I’m glad that the Scopus folks made it down to demo the service as I had a chance to ask them some questions about their content. I’m always thinking about how to promote and include the journals that we’re hosting at York through Open Journal Systems software, and so I asked one of the three Scopus representatives about the process involved. It turns out the there is an on-line form through which one can suggest a title. Applications are reviewed once per year. This year’s deadline is September 1st, 2008. It was disappointing to hear that the rejection rate is 65% because being accessible through this interface would enable Scopus users to more deliberately discover a journal’s content.
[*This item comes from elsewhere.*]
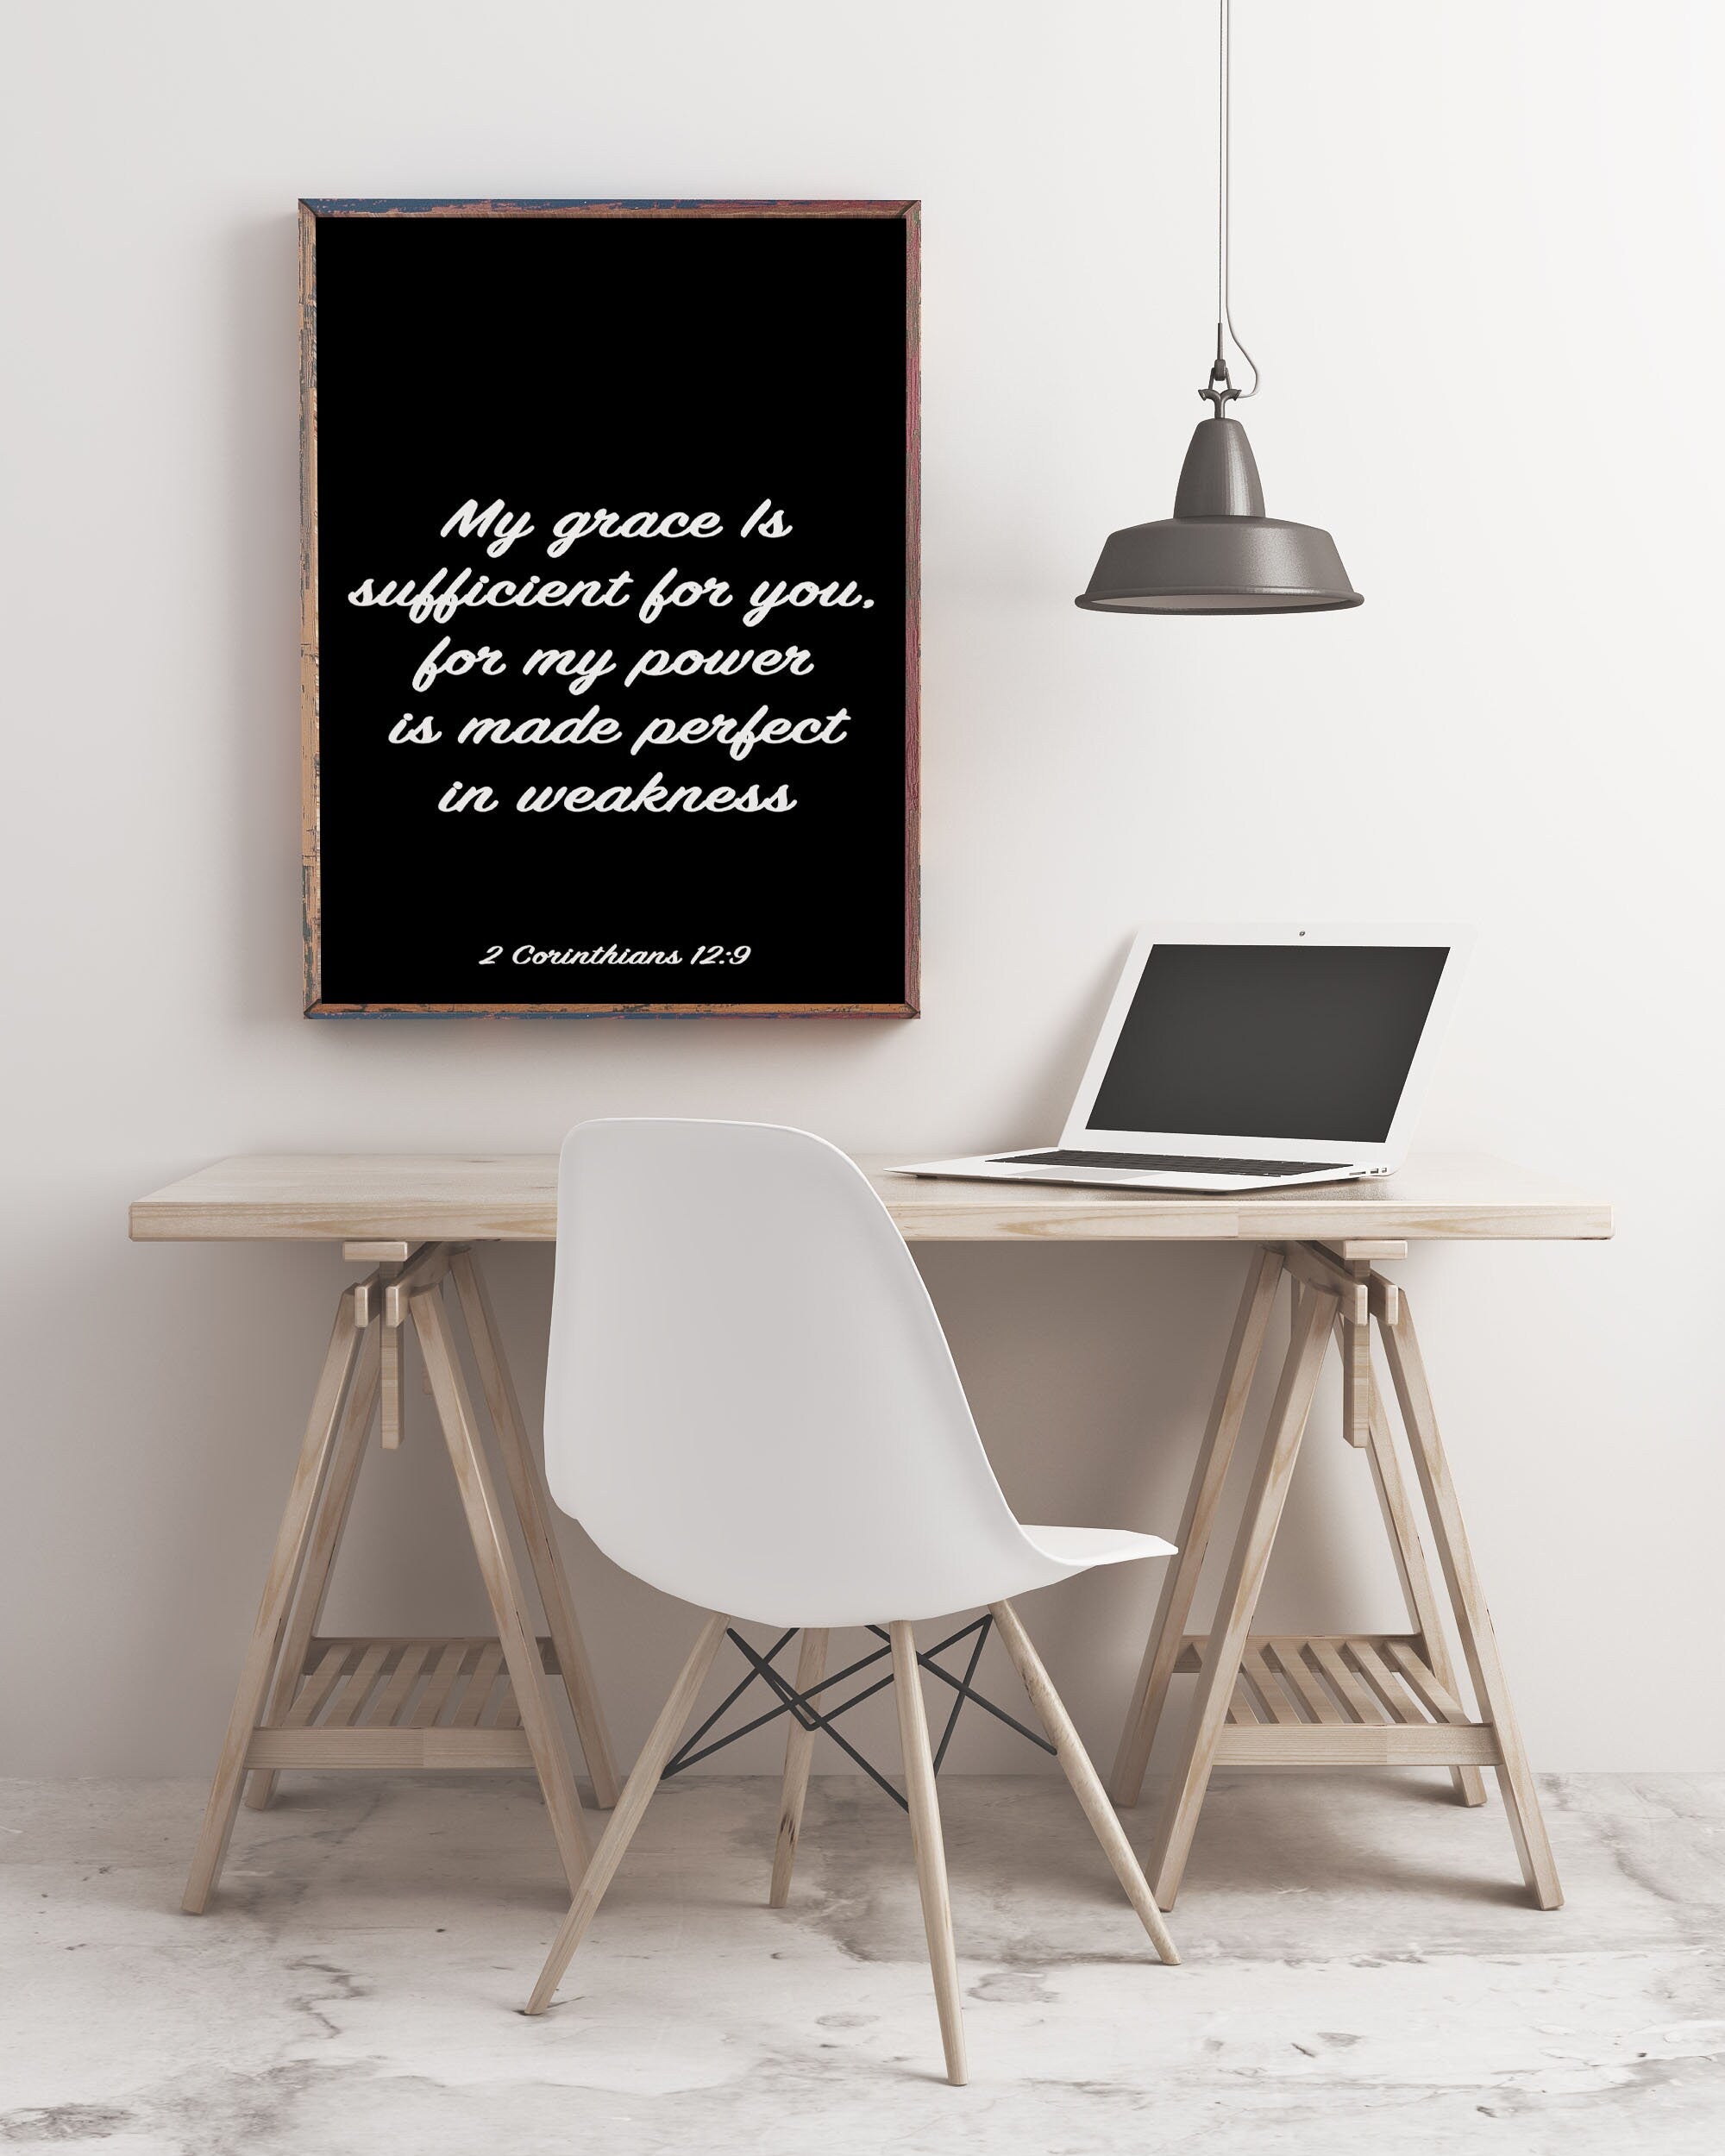 2 Corinthians 12:9 Quote Print, My Grace is Sufficient Wall Art in Black & White

Another huge benefit to journals indexed by Scopus is the Journal Analyzer function. This tool allows a journal to track its citations back to 1996. The Journal Analyzer also allows users to select up to 10 journals and compare their performance next to each other on the same graph. This could be a useful visual accompaniment to a grant application.
Web 2.0 concepts
July 6, 2008
I recently finished reading Key differences between Web 1.0 and Web 2.0. I admit that Web 2.0 was old news over two years ago, but this article provides a good summary of key concepts. It would be useful to read for those wanting to integrate Web 2.0 concepts into a site design.
A few excerpts:
The article discusses the “balkanization” phenomenon. Users are more likely to join a particular on-line social network if a critical mass of one’s friends are already members.
Where Web 1.0 started the portalization trend (trying to build features of interest such as weather and news into a site so that users do not need to leave the site), Web 2.0 continues the portalization trend (by providing hosting of users’ photos and videos) but relies on users to bring the content.
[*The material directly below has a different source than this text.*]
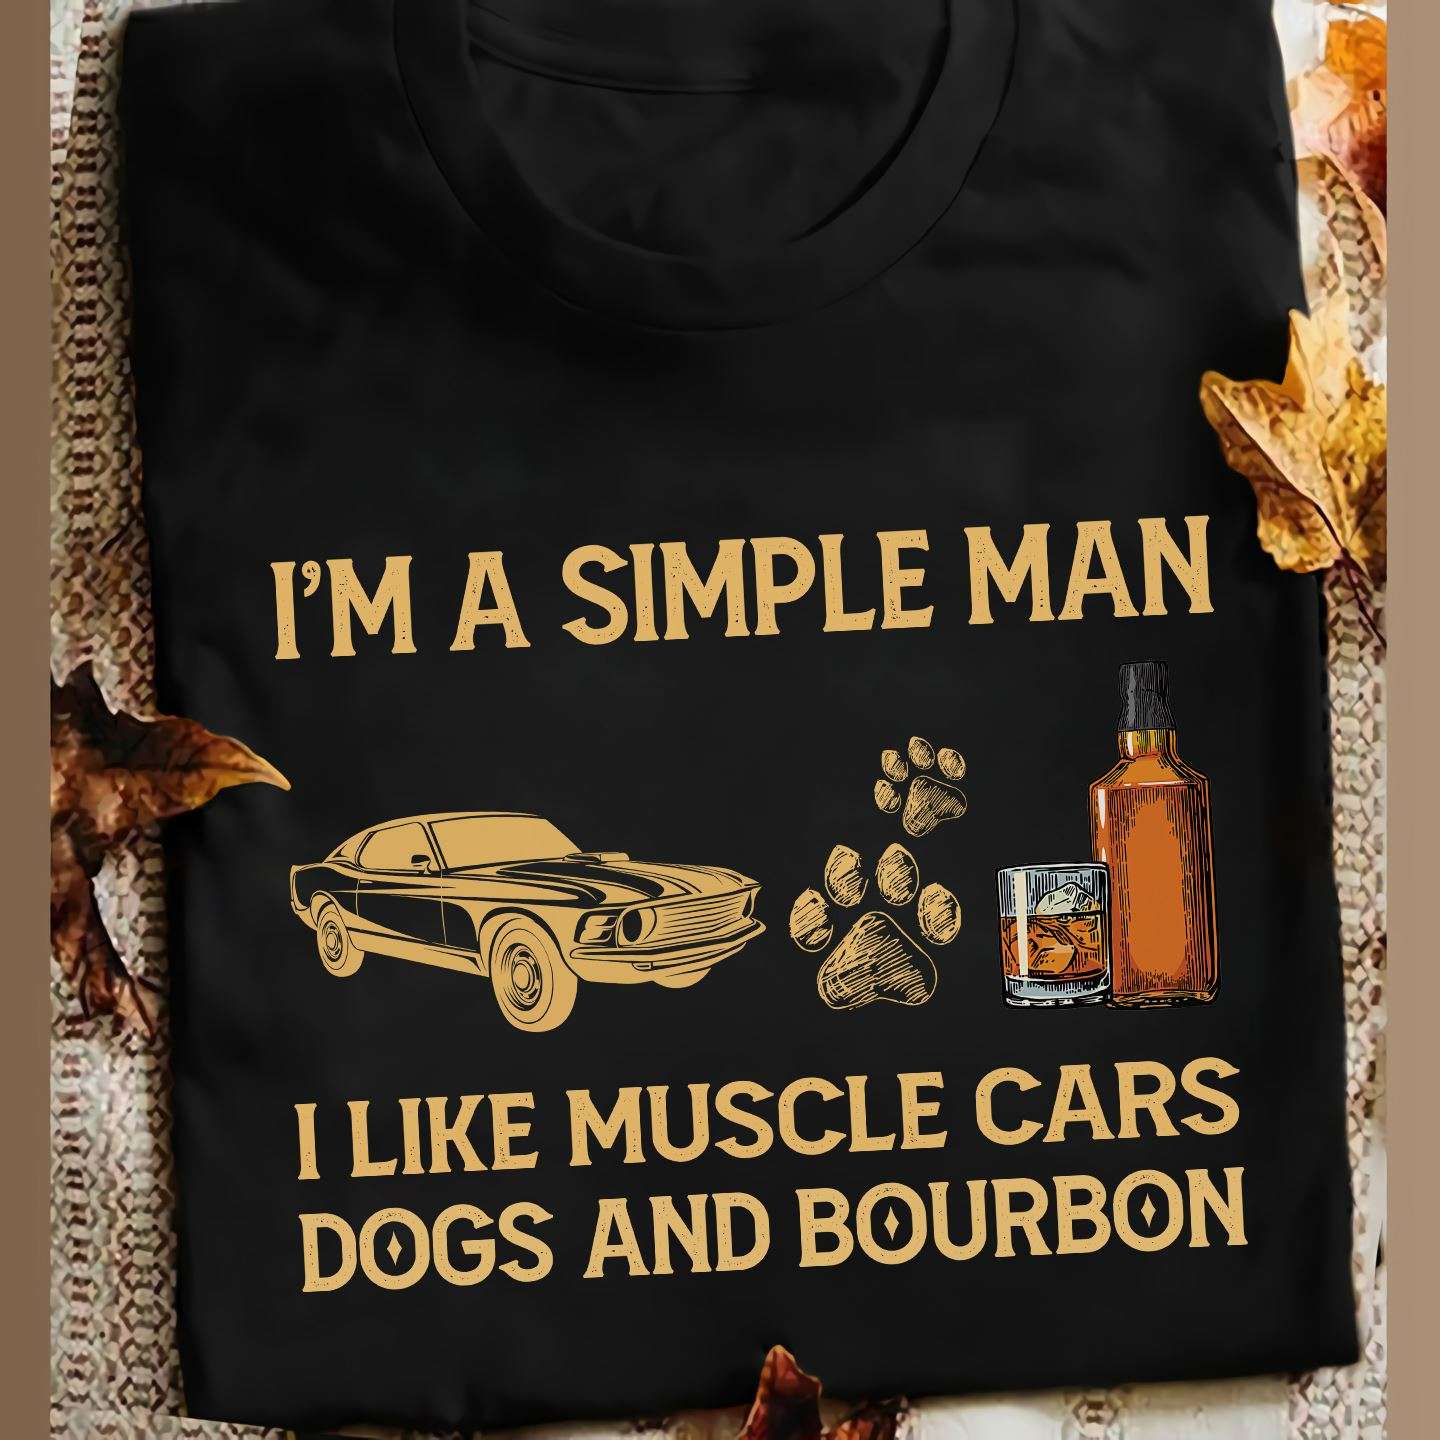 Muscle Cars Dogs And Bourbon - I'm a simple man i like muscle cars dogs and bourbon

In Web 2.0, the “trend is towards an increasingly customize front page so that no two users have the same experience.”
Brand names and Open Access
July 6, 2008
I was reading Peter Suber’s July 08 Open Access Newsletter, and its enough to make my head spin…there are so many developments posted on Open Access News I just can’t keep up anymore, its fantastic that “hot” stories are now tagged and the feed to these stories can be subscribed to here.
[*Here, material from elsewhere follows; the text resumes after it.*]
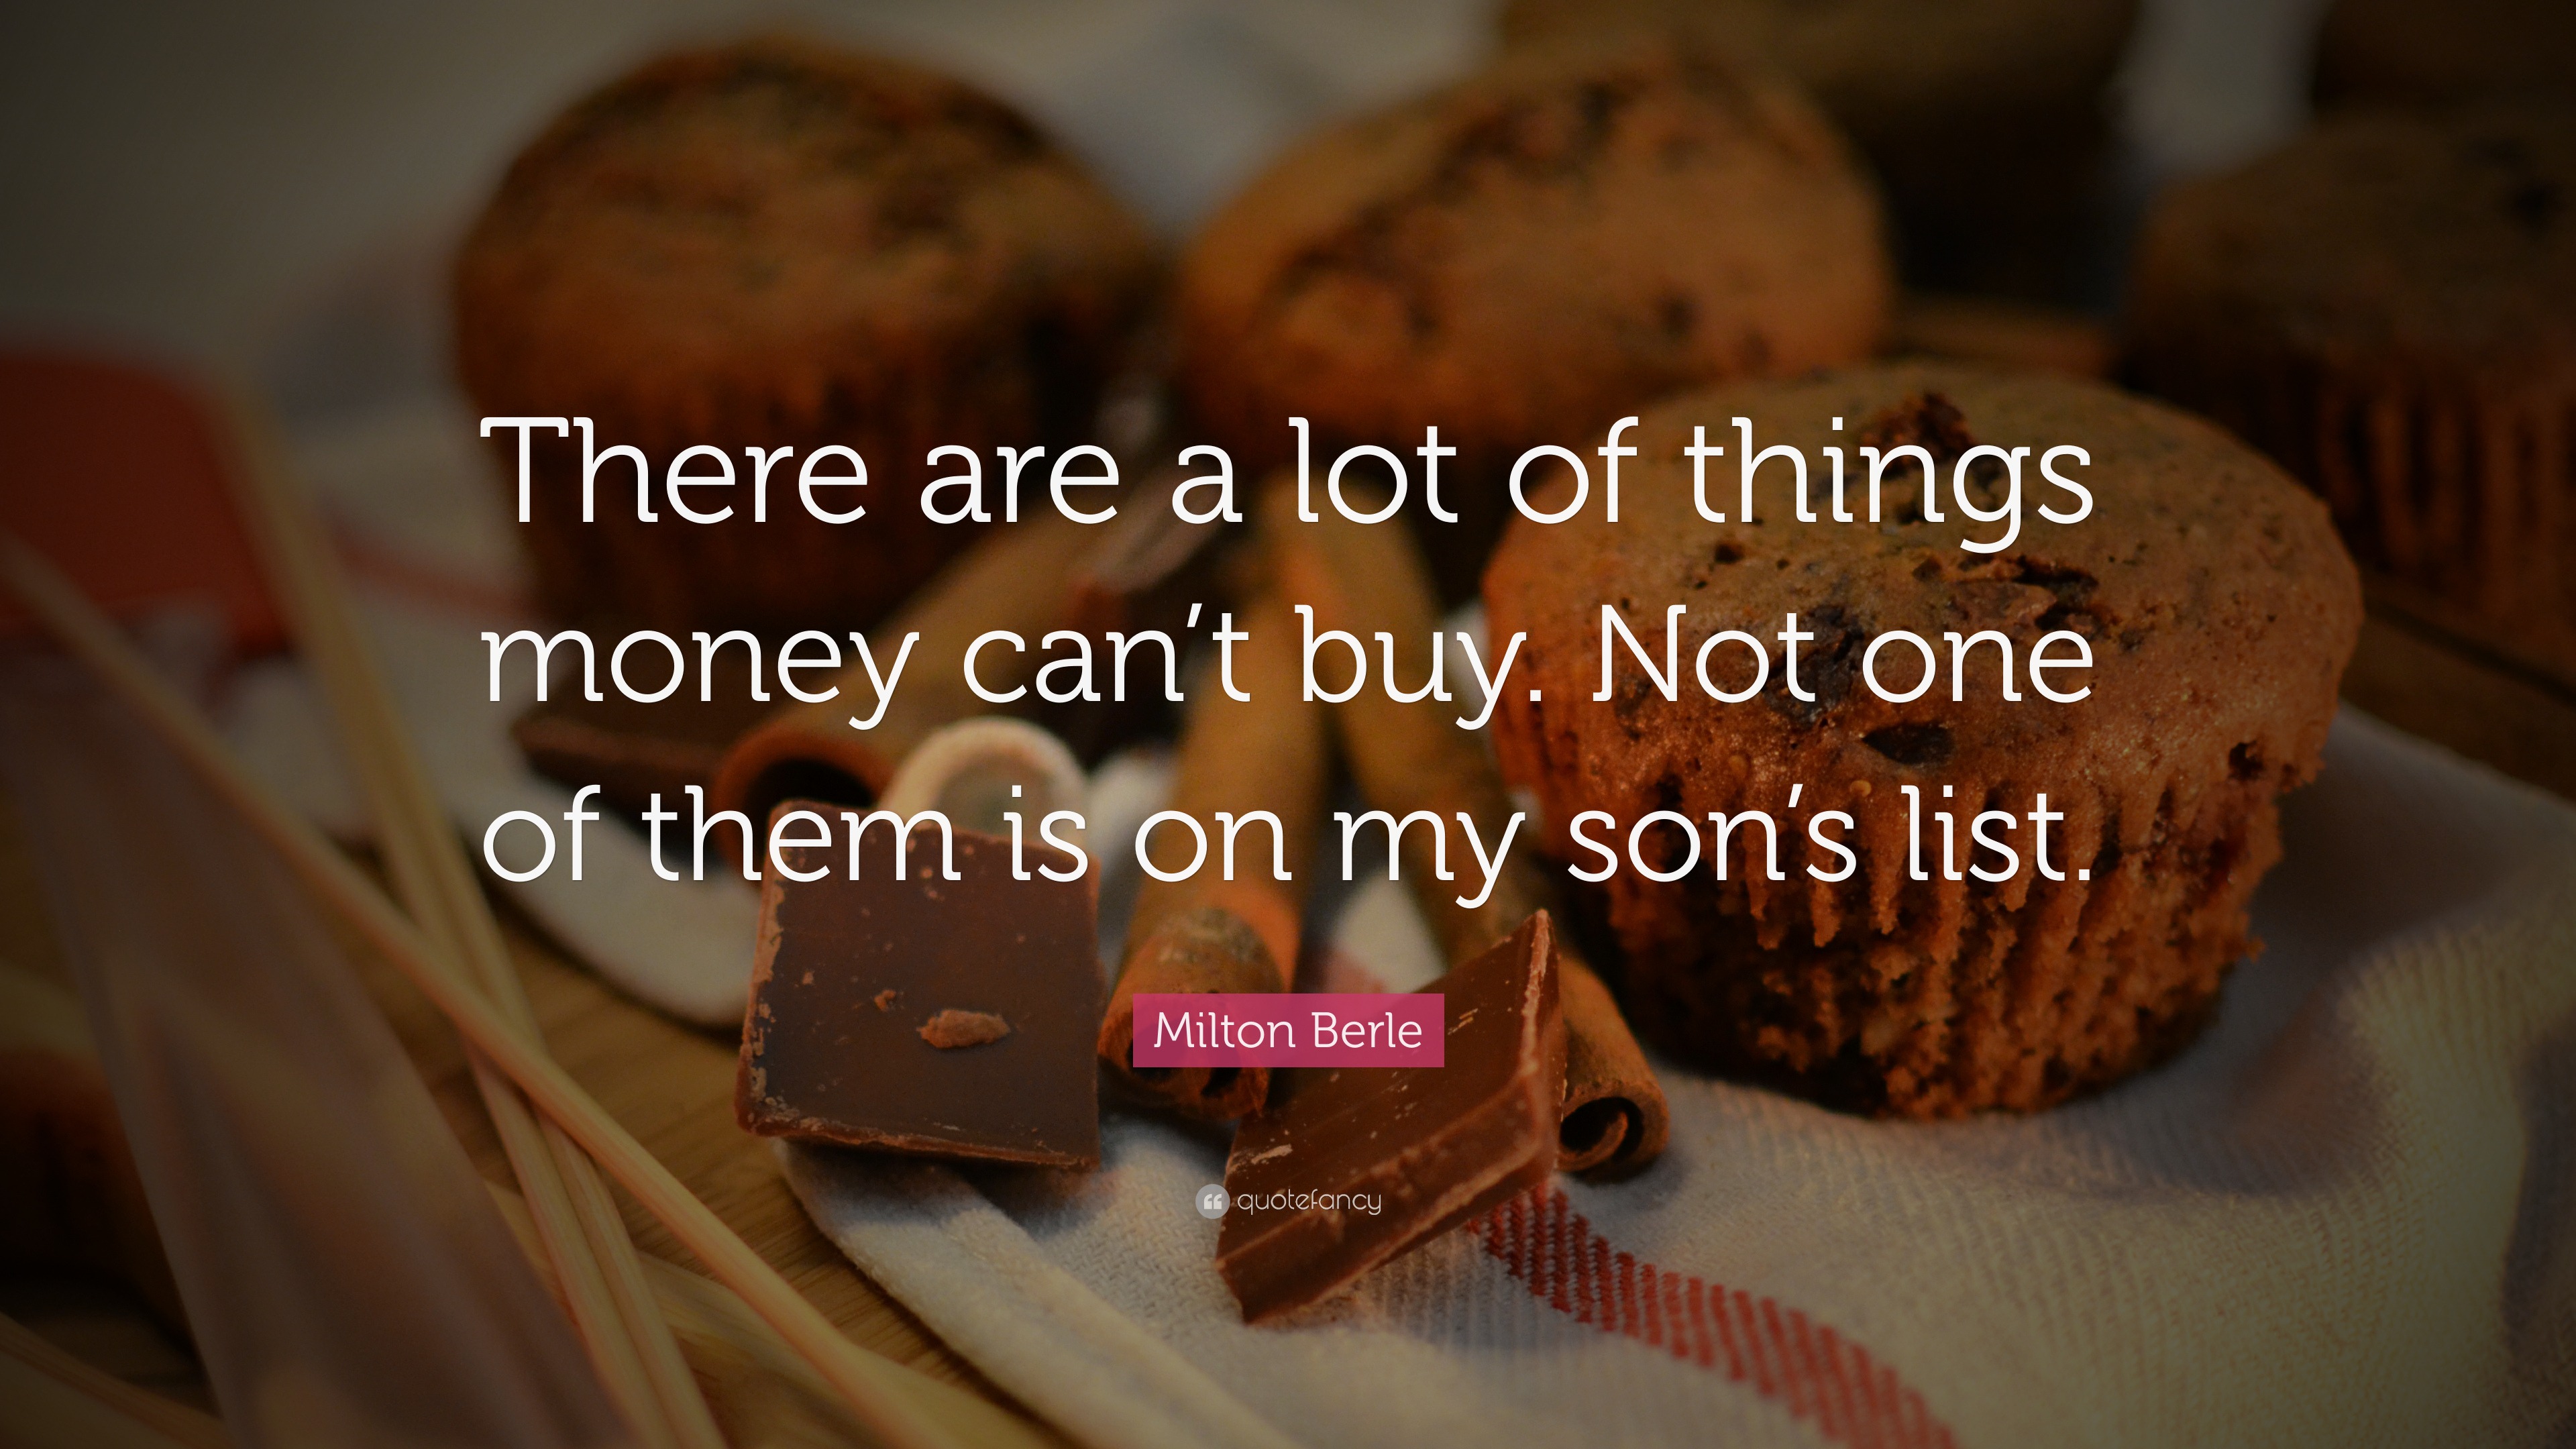 Milton Berle Quote: “There are a lot of things money can’t buy. Not one ...

I was struck by a particular point Peter raised: that the availability of funds to pay for access [to research] does not scale to keep pace with the growth of published knowledge.
It made me think about the format problem. I’ve been hearing it mentioned over and over again, this question: why are we so attached to packaging our research into a journal format?
Is it the brand name that we’re so attached to? If we’re looking for quality, do we simply just seek out the Prada of journals? Does not the research stand up for itself, just like a consumer good has to? If your Vuitton luggage falls apart after one trip down the baggage conveyor belt, does the fancy brand matter anymore?
Maybe its about lack of time. Who has the time to compare quality of consumer goods…we’ve all purchased a generic brand at one point or another that greatly underperformed. To protect against that disappointment, its just easier to pay a little more for the name brand version. Perhaps we adopt a similar mentality with research?
This worries me a bit. The fact that research output volumes are multiplying so quickly…is it not in a way working against the cause?…is it not further fueling the demand for these high impact journals to exist? Is it not so much easier to simply save time by trusting the name brand research?
In my mind, the solution lies in the metrics…where citations and downloads can be measured and compared to the opinions of the elite groups of peer reviewers that decide which articles are Vuittons and which are simply generic. I can’t help but predict that once a more unified and unprejudiced method of tracking impact appears, brand names just won’t matter. The quality of an item of research will simply stand up for itself, visible for all to see, no longer in need of being sold under a designer label.